Risk register (what you have today):

  • Rows in Excel/Sheets
  • Columns like Risk ID, Description, Likelihood, Impact, Framework, Status
  • Good for recording risks, bad for driving work

Remediation board (what you need in 90 days):

  • Tickets in Jira/Asana
  • Each ticket has owner, due date, SLA, framework tags (HIPAA/PCI/SOC 2/ISO/GDPR)
  • Visual workflow: Backlog → In Progress → Blocked → Ready for Audit → Done
  • Audit-ready: every closed ticket has evidence attached

A simple JSON representation of a remediation item that you’ll map from the risk register:

{
  "risk_id": "R-102",
  "title": "Enforce MFA for remote admin access",
  "description": "Remote admin access is allowed without enforced MFA.",
  "owner": "secops_lead",
  "due_date": "2025-02-15",
  "status": "In Progress",
  "frameworks": ["HIPAA", "PCI DSS", "SOC 2", "ISO 27001", "GDPR"],
  "control_refs": ["Access Control", "Identity & Authentication"],
  "likelihood": 4,
  "impact": 5,
  "risk_score": 20,
  "evidence": [
    "vpn_mfa_config_screenshot.png",
    "okta_policy_export.pdf",
    "pentest_retest_report.pdf"
  ]
}

We’ll now walk through a practical 90-day sequence to create a risk register remediation plan that auditors will actually trust.
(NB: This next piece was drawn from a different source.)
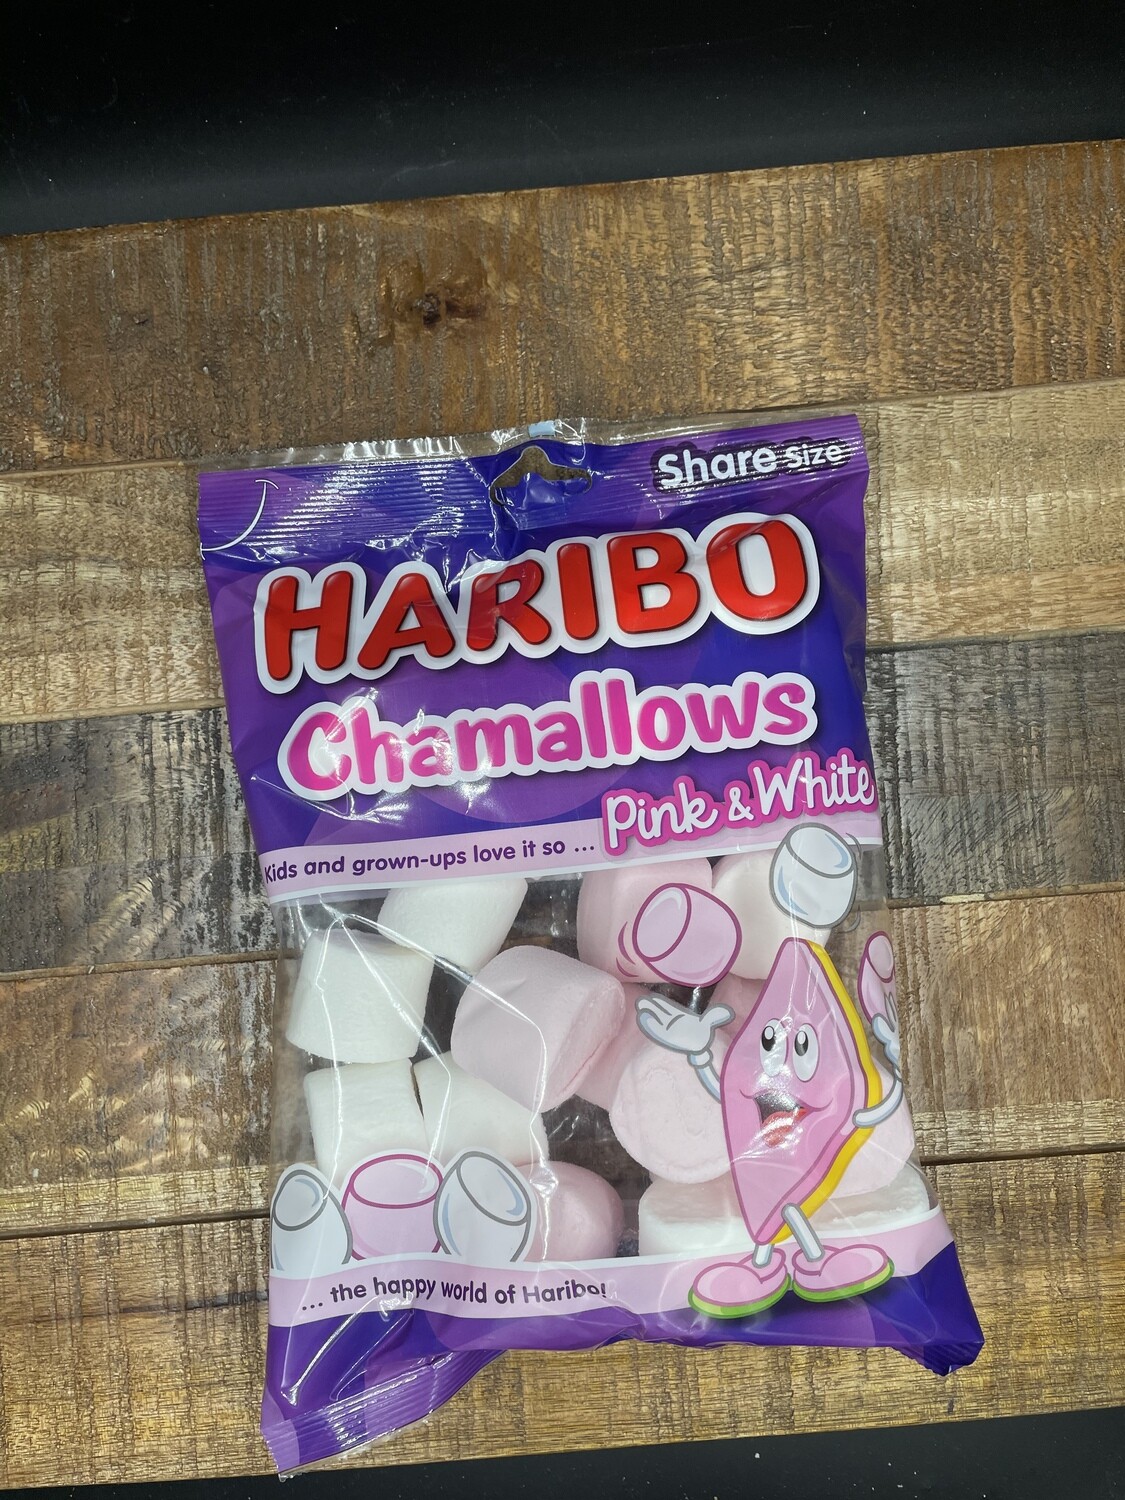 Haribo Chamallows Pink & White 140g

Step 1 (Days 0–15): Baseline Your Risk Assessment

If you don’t already have a current risk register, start with a formal risk assessment.

A structured assessment gives you:

  • A consistent scoring methodology
  • Clear mapping to HIPAA, PCI DSS, SOC 2, ISO 27001, GDPR
  • A prioritized list of “what can actually break us”
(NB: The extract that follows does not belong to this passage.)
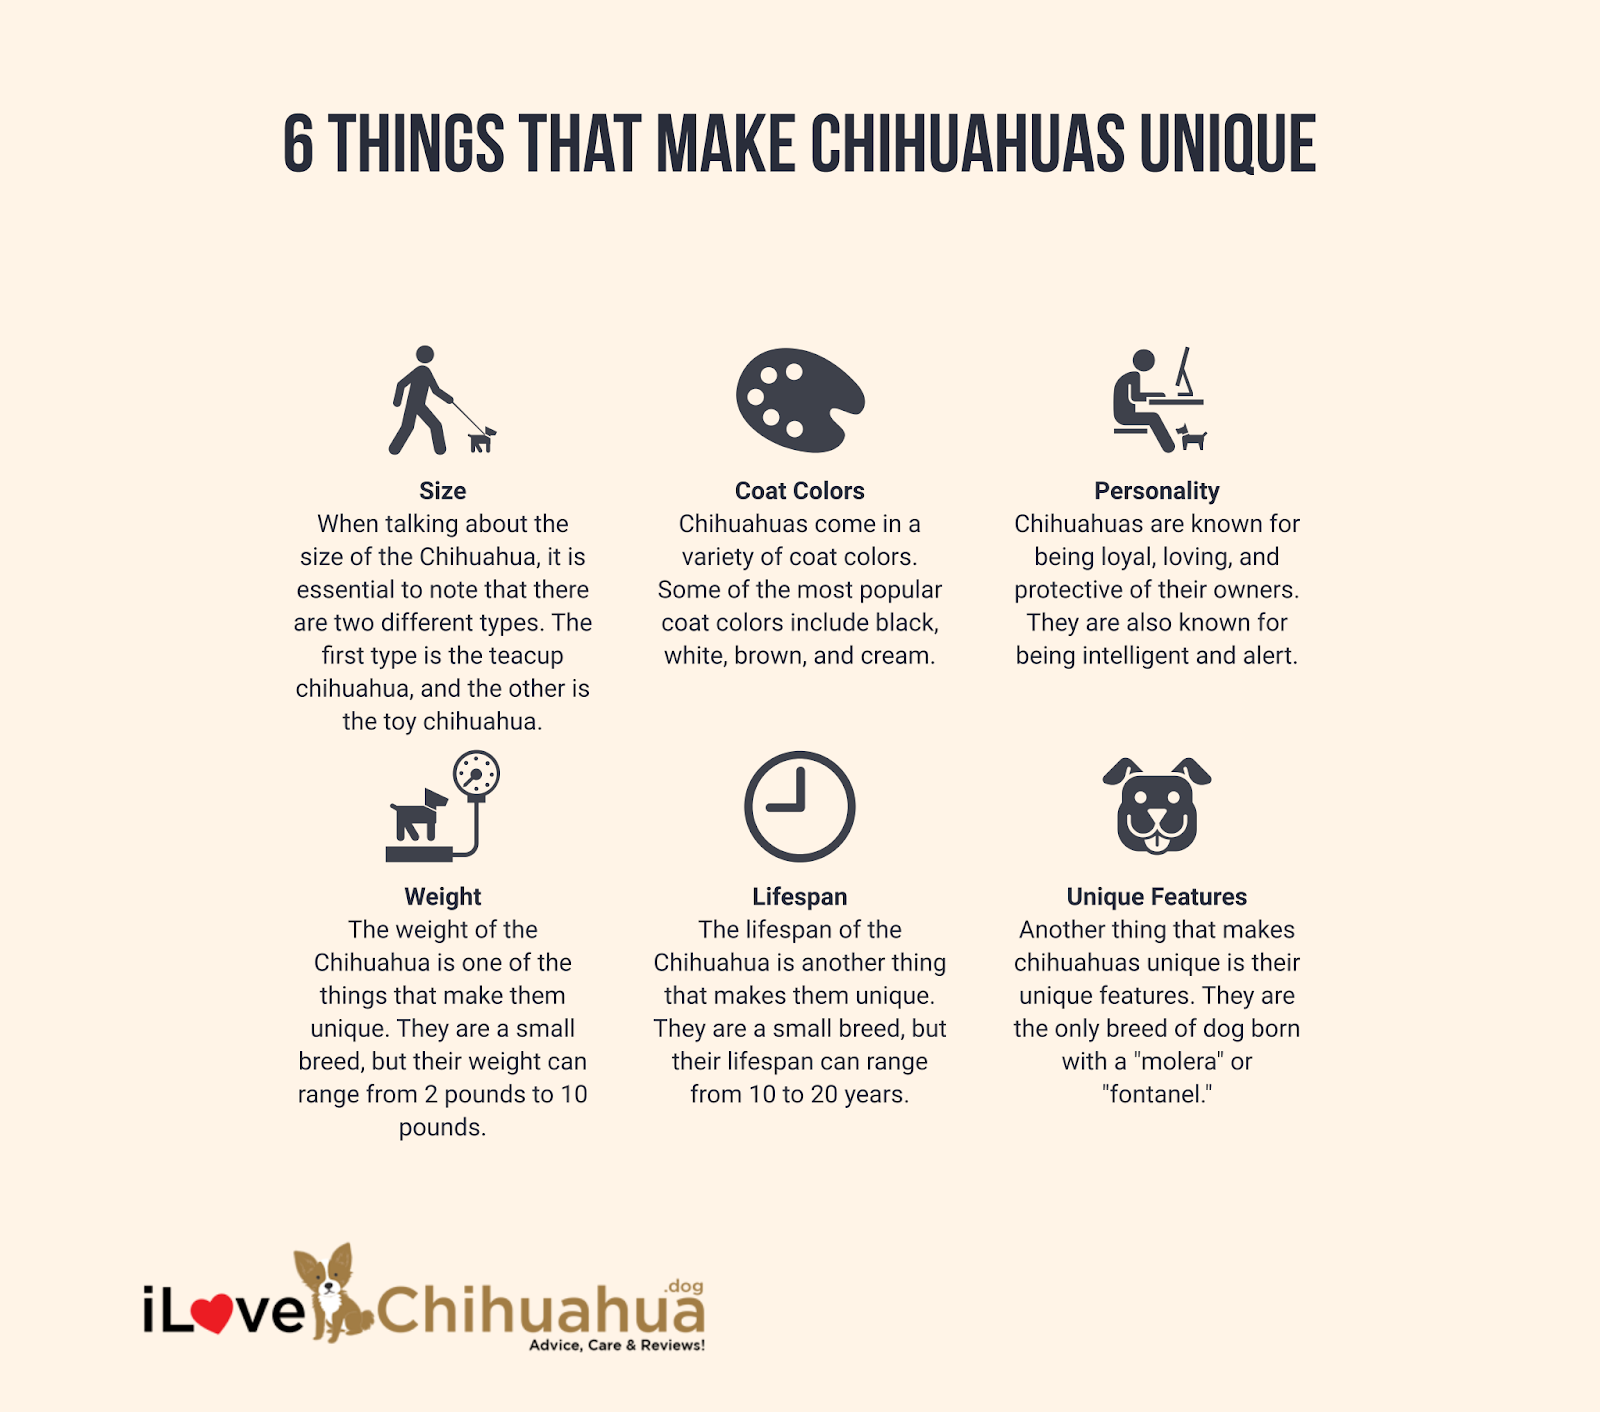 What Makes Chihuahuas Unique?

If you’re short on time or internal capacity, kick off a focused engagement using:
👉 Risk Assessment Services

Normalize your risk register

Most organizations have risk data scattered across pentest reports, scanner exports, and old audits. Normalize it into a simple schema:

# risk-register.yml
- id: R-001
  asset: "Patient Portal"
  description: "Outdated TLS configuration allows weak ciphers."
  likelihood: 3         # 1–5
  impact: 4             # 1–5
  frameworks:
    - HIPAA
    - SOC 2
    - ISO 27001
  status: "Open"
  owner: "appsec_team"
  category: "Crypto"
  notes: "Flagged in last external pentest and scanner"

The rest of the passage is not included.